As many of us know, grief is a very difficult and painful process. Often we might do things to avoid grief, in hopes that it will go away. However, it doesn’t disappear unless it’s felt, and this doesn’t mean that you need to feel it all at once in order to “get over it”. It can be over time that sadness, and anger are released and you can find yourself in a better place.
In general, people are usually more willing to help if something has just happened, but over time, it gets more difficult for people to be there and provide support because everyone goes back to their daily lives. Often, we can be in shock and not be capable of reaching out during a time when we need to feel connections.

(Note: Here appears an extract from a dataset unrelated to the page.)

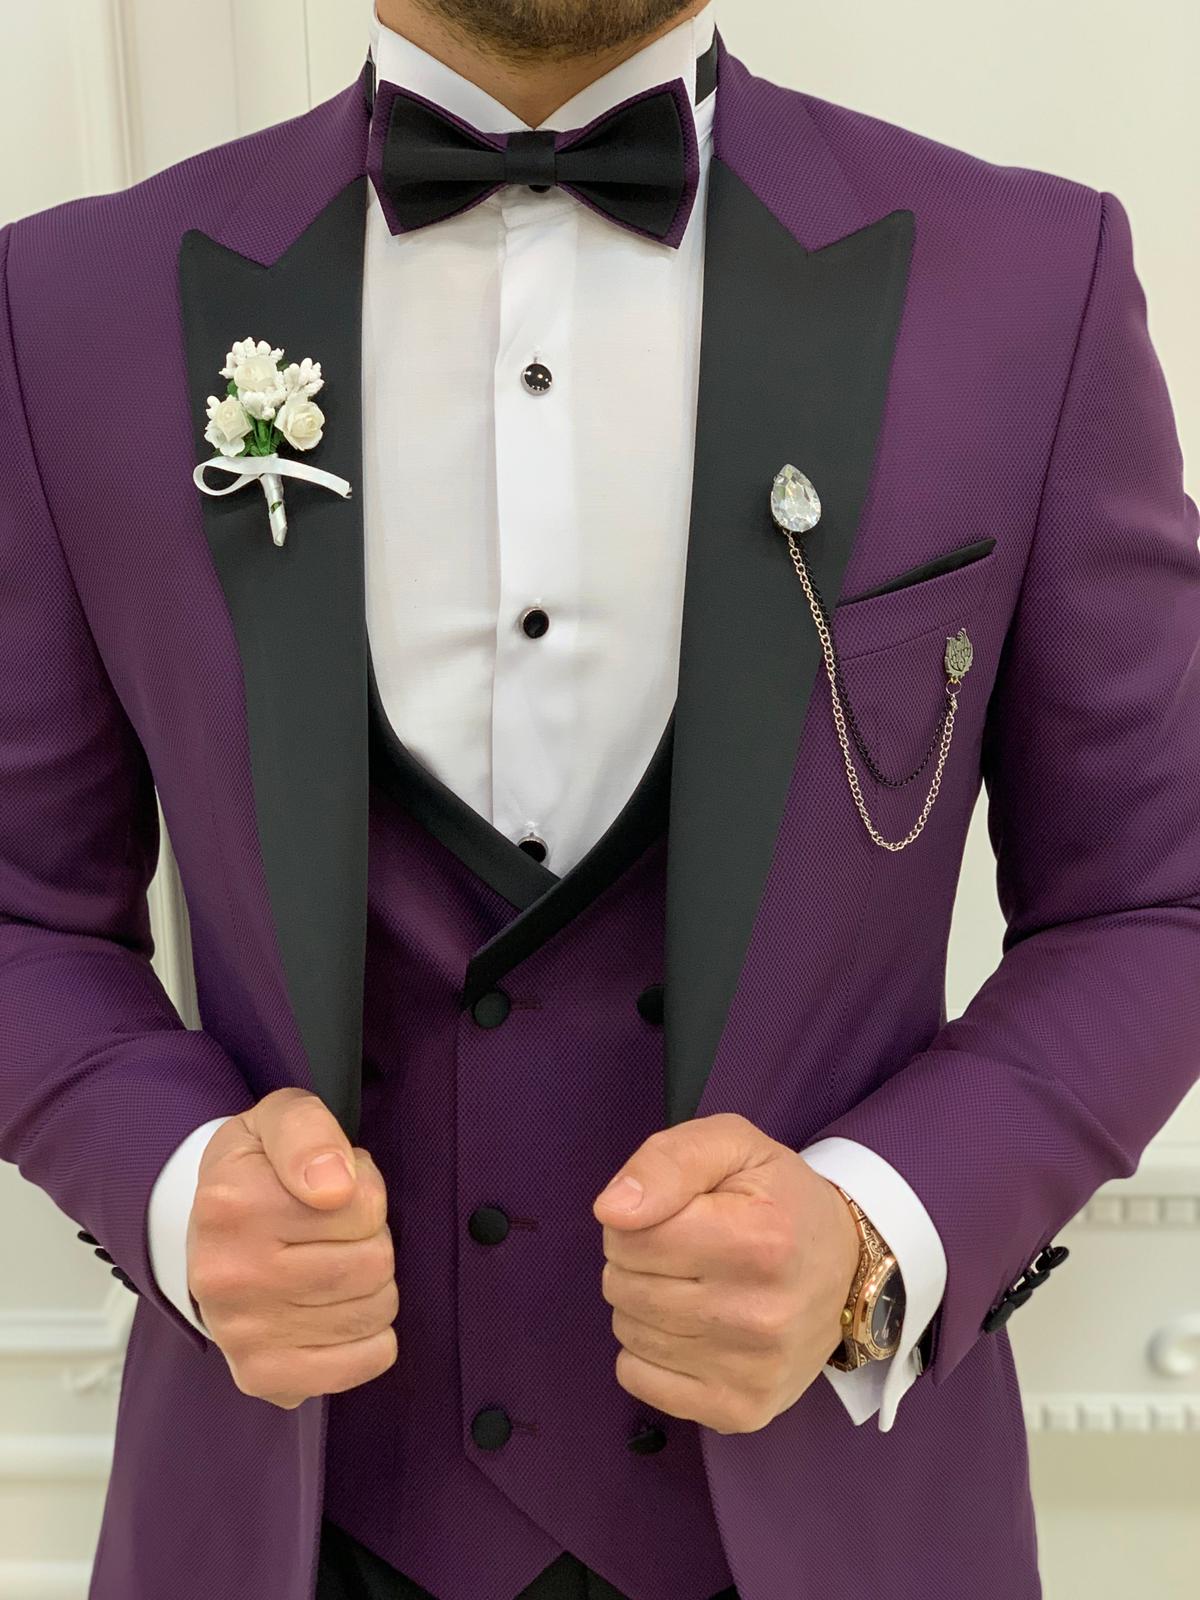 Light Purple Slim Fit Purple Suit Men With Notched Lapel For Formal  Weddings And Proms Two Piece Tuxedo For Men From Zifenmi, $93.87

On another note, our culture often does not understand the grieving process, and may have unrealistic expectations about when our grief should end. Maybe certain people feel that after the first month, everything should be fine and we’re expected to be back on our feet again.
Often it can help to speak with someone you feel close to, and share what your feeling. People can turn to their loved ones but sometimes that’s not the case. This is where speaking with friends, a support group, or even seeking professional help like speaking to a therapist can be beneficially.
In an article that appeared in the Huffington Post, click here to read , it discusses how when grief is not shared, it can’t be released and unlike a wound, it’s not going to heal over time unless tended to. All sorts of symptoms can manifest from depression, to panic attacks and other somatic related complaints. Your thoughts may feel like molasses or on the other hand they could be racing, and your emotions may range from being overwhelmed to feeling shutdown. You may feel stuck, lethargic, and fatigued. These just some ways that grief can manifest, and it helps to be aware of what your feeling, and to share this with others so you don’t feel so alone. There is a tremendous amount of wisdom and compassion we can learn from sitting with great sadness. It’s in the very place of vulnerability that healing can happen and we can find peace.